Gumdrops are also very sticky. I thought I could just jam the scissors in there and have at them as if I was snipping fresh basil, but they glued themselves to the blades. I ended up having to cut each gumdrop one at a time, unsticking each individual piece of snipped candy as I went. The gumdrops also left a surprisingly stubborn residue on the scissors that would not come off until I swirled the blades in boiling water.


The whole time I was cutting up candies, I felt like I was borrowing someone else's family's Christmas tradition. I could imagine Ma (or Grandma) having all the wee ones cut up the gumdrops for the cookies (having plenty of extras on hand so the kids can eat a "few"). It's the high-fructose corn syrup equivalent of those rustic family afternoons where everyone chats in the shade while shelling nuts for peanut brittle.

After we cut apart the gumdrops, all the pieces stuck to each other to make one big multicolored mass. I mixed them with the oats so that the oatmeal dust would coat them and make them come apart. Like breaking up a Christmas argument, this took longer than I thought.


Having gotten the title ingredient ready to bake, we could make the rest of the recipe. At this point, it briefly looks like normal, candy-free cookie dough.


We haven't seen shortening, oatmeal and coconut in a single cookie since the Bonnie Doon Oaties. For those who forgot how that recipe went, I substituted butter for shortening and the cookies turned into a hopeless runny mess. Therefore, I risked no such ingredient swaps today.

If you ignore the gumdrops, this is essentially a recipe for oatmeal cookies. And like all recipes for oatmeal cookies, the dough looked like a hopelessly small amount until we added the oatmeal. And then (as always happens with oatmeal cookies) after all was mixed, it looked like we would spend the whole night slowly getting batches in and out of the oven.


I didn't know what to expect of the gumdrops as they baked. Would they melt? Soften a bit in the oven but regain their firmness after cooling off? Would the gelatin (or whatever gum was used in these) be permanently deactivated in the heat, turning the gumdrops into multicolored spots of syrup? 

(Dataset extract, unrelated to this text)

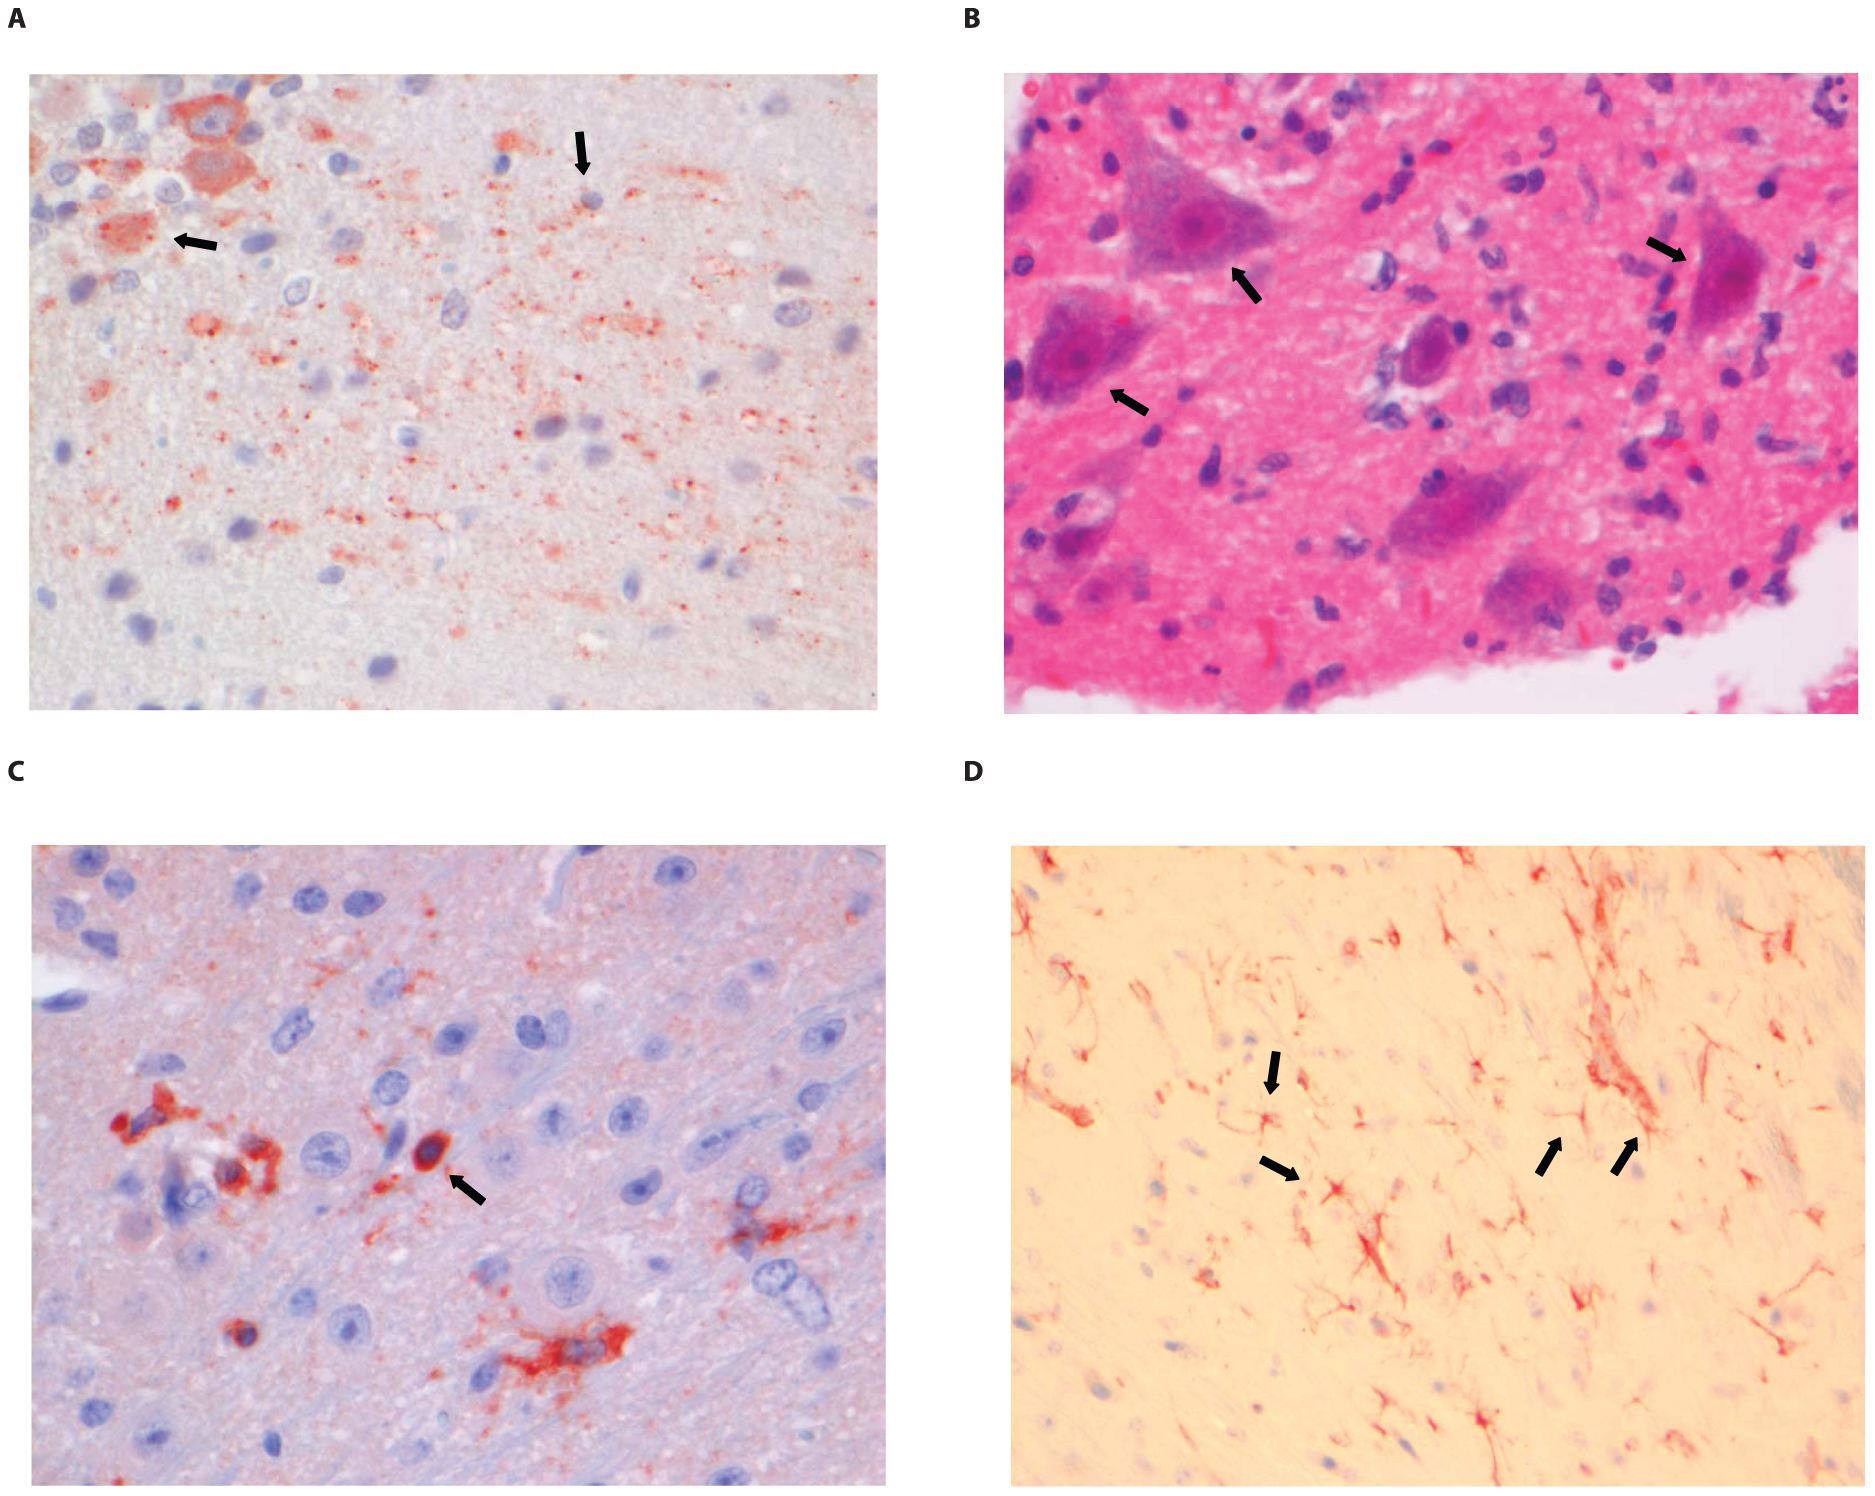 Histopathology of 8-week old BALB/c mice infected i.m. with 10<sup>6</sup> TCID<sub>50</sub> of SHBRV-18.

It turns out that gumdrops are as oven-resistant as the pan the cookies sat on. They refused to slump in the heat. As the cookies spread, some of the gumdrops stayed up at a jaunty angle.


As the first batch cooled and the second batch baked, we ran into one line of instruction that whoever wrote this omitted. When you're shaping your cookies into balls, you need to firmly press the dough instead of lightly rolling it. I was a lot gentler with the cookie dough for batch #2, and they were not nearly as nice-looking as the first ones.

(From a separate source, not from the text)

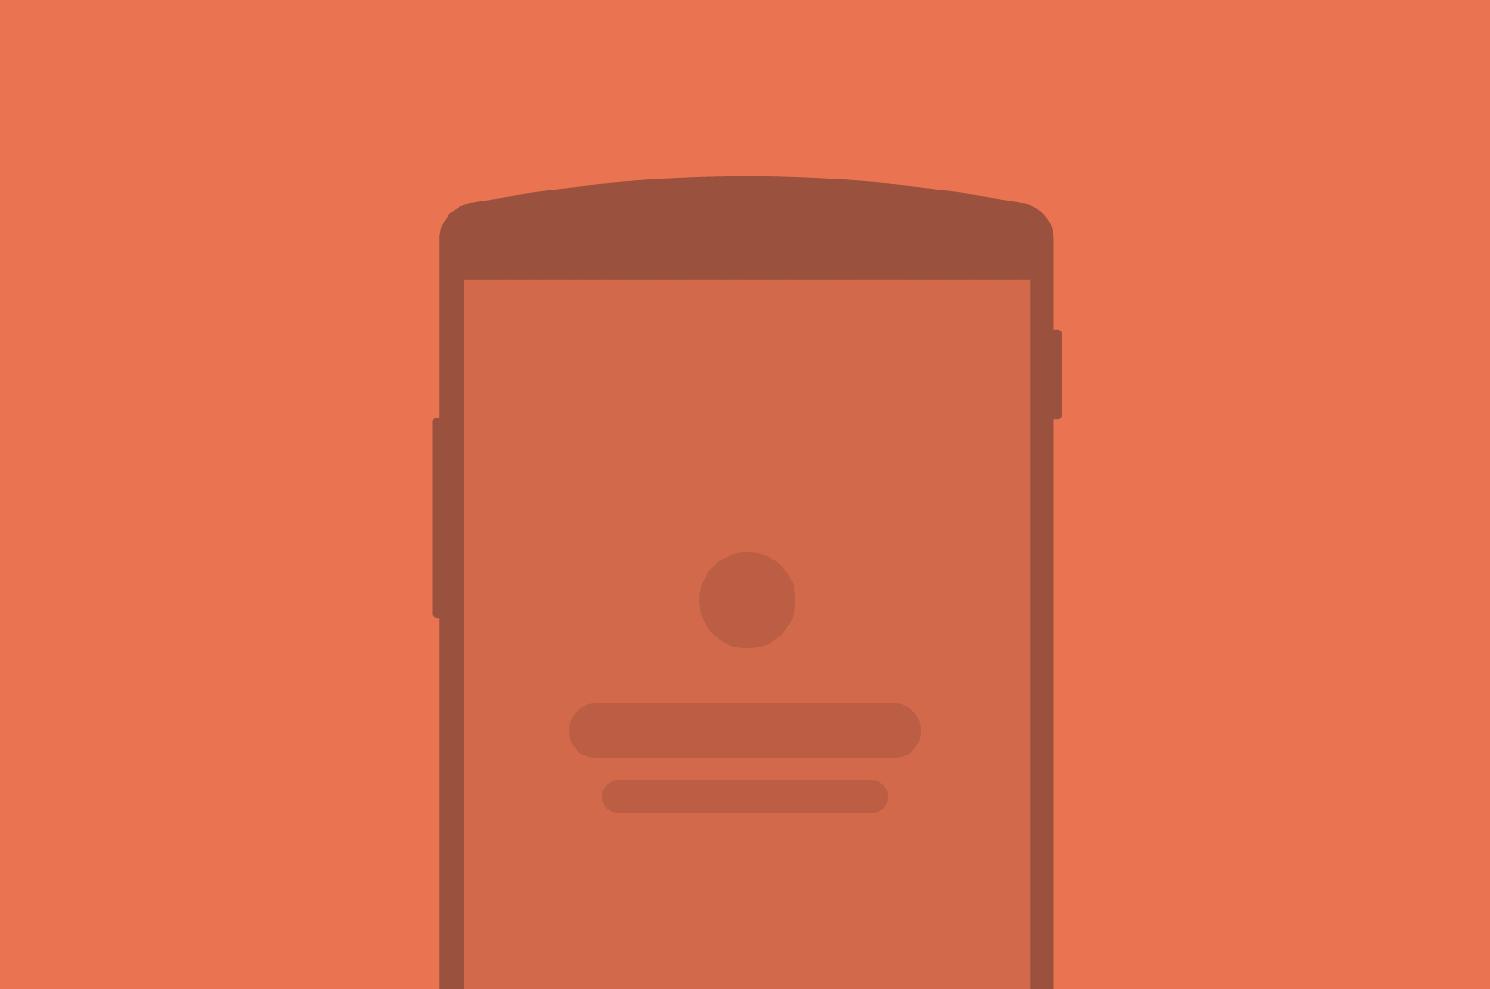 Make an Android Launch Screen (Splash Screen)

I should note that as charming as I thought these looked (well, the first batch anyway), others were less than impressed.

Looks like someone just crossed himself off the Christmas cookie list.

I have to admit while I was excited to make the gumdrop cookies, I didn't have high hopes for eating them. I was expecting this to be one of those times when the title ingredient ruins the recipe (lest we forget the black pepper cake). However, the gumdrops were really good in these cookies. 

If you ignore the gumdrops, this is a very good oatmeal cookie recipe. However, when I proposed omitting the multicolored candies next time, I was immediately shouted down. "No! You don't get it! You HAVE to add the gumdrops! The recipe won't work without them!"

I realize this is a culturally loaded comparison, but the cookies tasted like a good fruitcake. Or at least, they taste like what I imagine a good fruitcake to be. (I would wager that gumdrops are better than the cheap candied fruit that appears in most grocery stores during fruitcake season.) And the cookies are small enough to be satisfying but not overwhelming.


One person eyed the plate with annoyance that a box of gumdrops got scissored and ruined. He also had a lot of skepticism at the whole premise of the recipe. However, after a bit of badgering, he tried one. Then without realizing it, he ate half a dozen more and did an adorably inept job of pretending he hadn't.

I tried to give some of the gumdrop cookies away. One person was going out visiting the next day, and I told him to take a heavily-loaded bag of cookies with him. However, the next day there were no cookies left for him to take. 

I also promised we would make the cookies again.